Because of that danger, there are a few new restrictions in place for those visiting the refuge.

"We've restricted activities such that open burning and campfires are no longer allowed and we'll keep those in place for the duration of the burn ban or until we see a significant change in the weather pattern. Right now, there's really no such thing as an overabundance of caution, you can't be too careful," Phillips said.

When you couple the dry grass with the high winds we see in Oklahoma, Phillips said a fire can quickly get out of control, endangering all of the wildlife on the refuge.

"I feel safe in referring to the fire growth potential as explosive," Phillips said. "All of our animals out here are restricted and are in a confined space. We don't have the luxury of just allowing them to wander out onto neighboring properties.
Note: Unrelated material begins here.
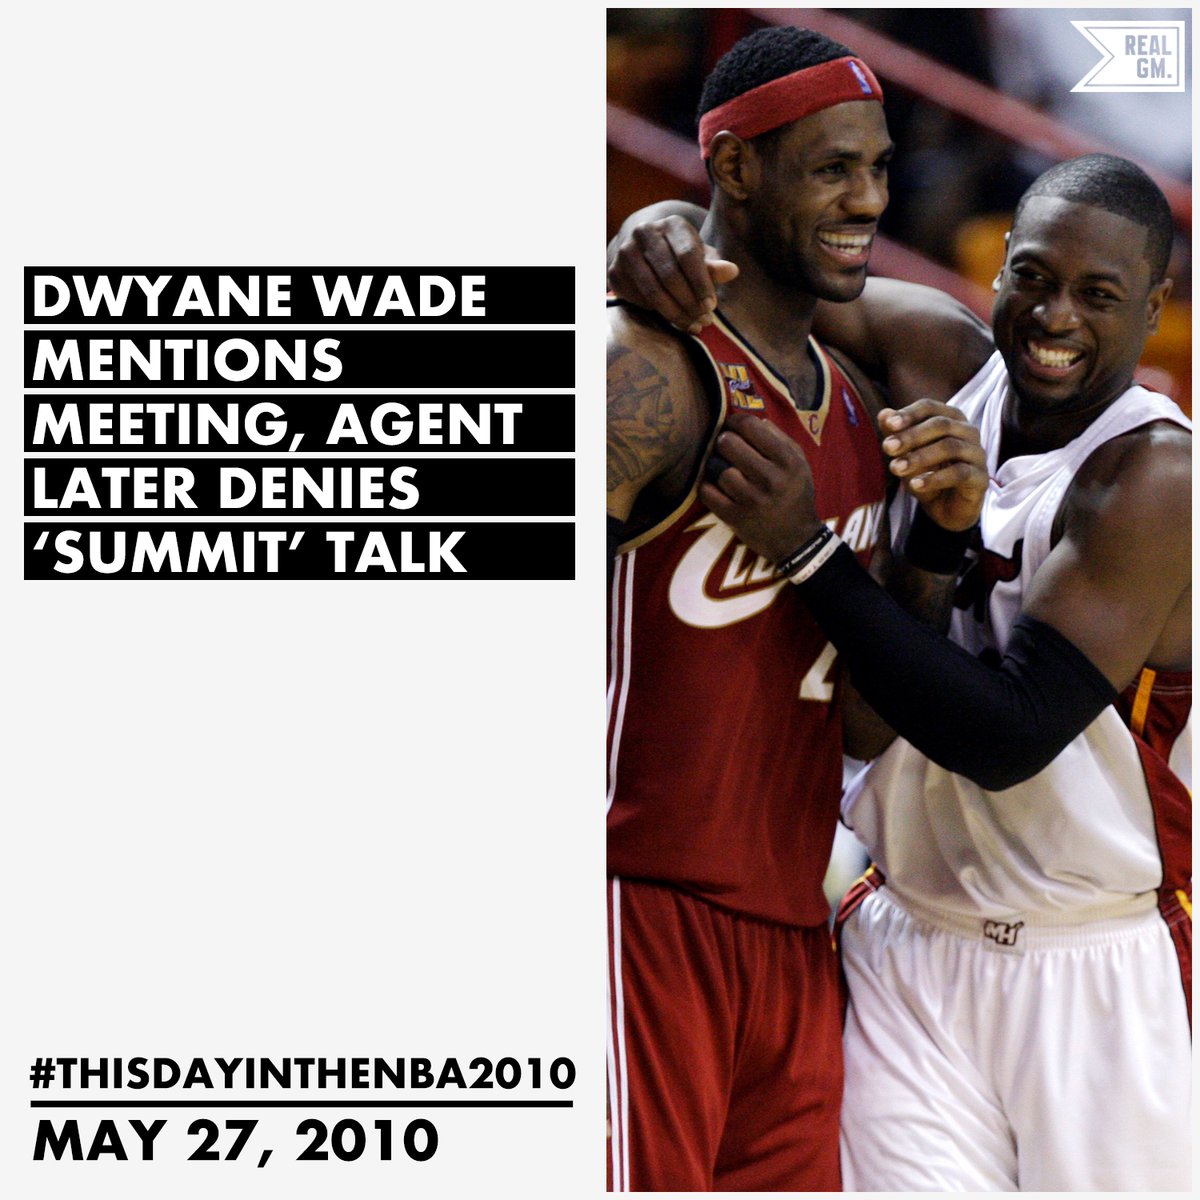  #ThisDayInTheNBA2010May 27, 2010Dwyane Wade Mentions Meeting, Agent Later Denies 'Summit' Talk https://basketball.realgm.com/wiretap/204163/Dwyane-Wade-Mentions-Meeting-Agent-Later-Denies-Summit-Talk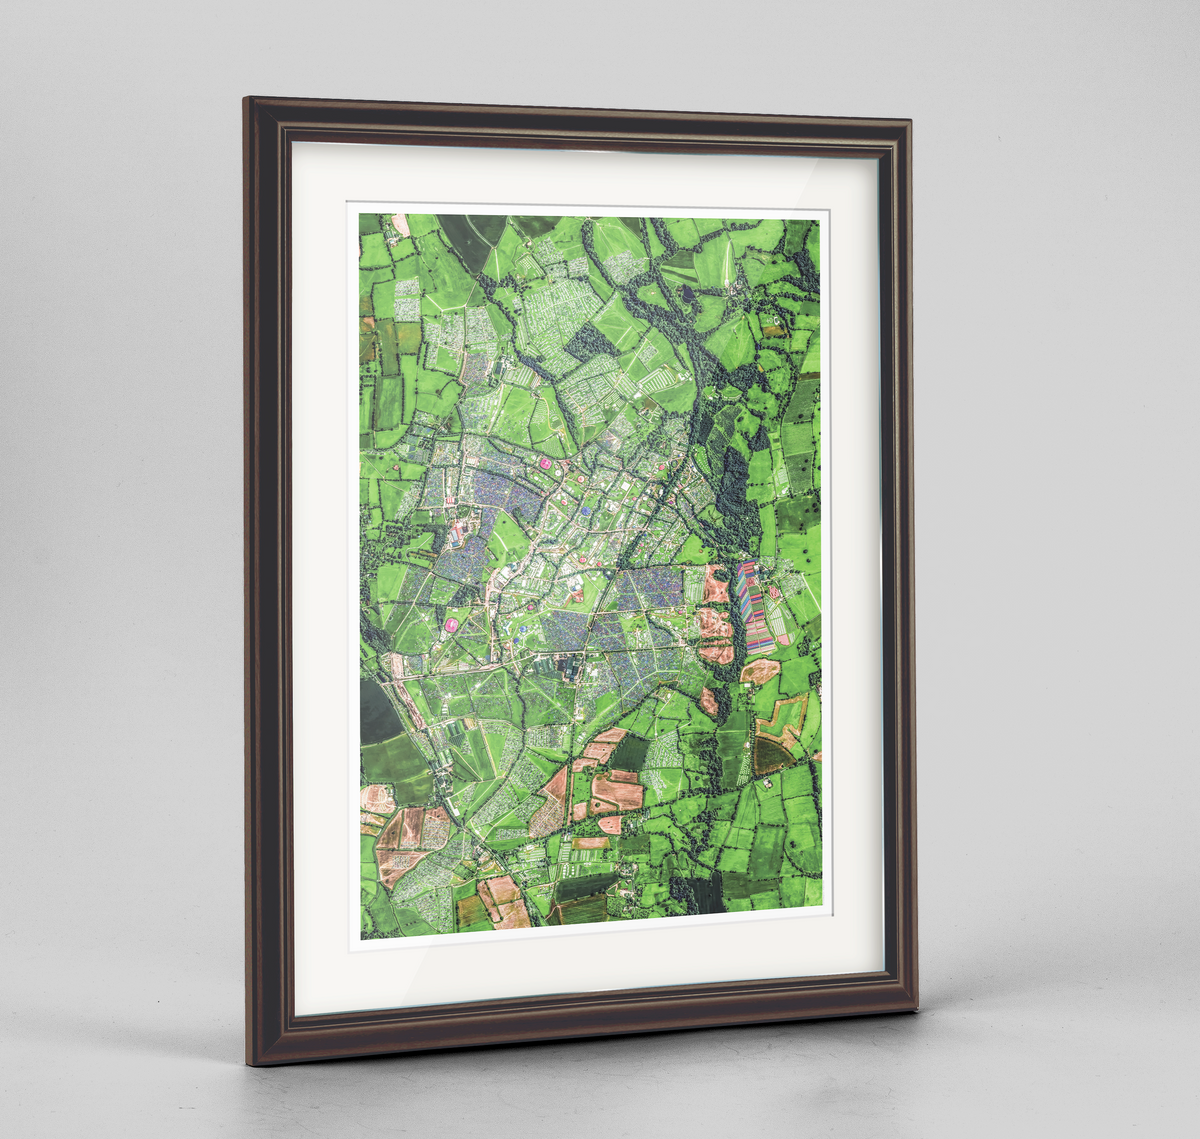 Glastonbury Earth Photography Art Print - Framed

So, in the event of a fire, there's just that much less food and forage for the animals we do have."

Phillips said rain is desperately needed as we begin to head into the spring, not just to reduce that fire danger but to ensure the animals have something to eat in a few months.

"If the drought conditions continue into the spring, what would be a normal growing season and green up period then returning vegetation will be getting drought stressed, it won't grow like it normally would. The vegetation will dry out, it won't grow as readily which reduces the amount of food for the animals we're here to protect," Phillips said.

Phillips said so far, they haven't seen too many fires on the refuge and he hopes it stays that way. But if it doesn't, he said they will have the ability to call on departments from around the country to come help keep things under control, much like we saw departments traveling to California and the Northeast last year to help with fires there.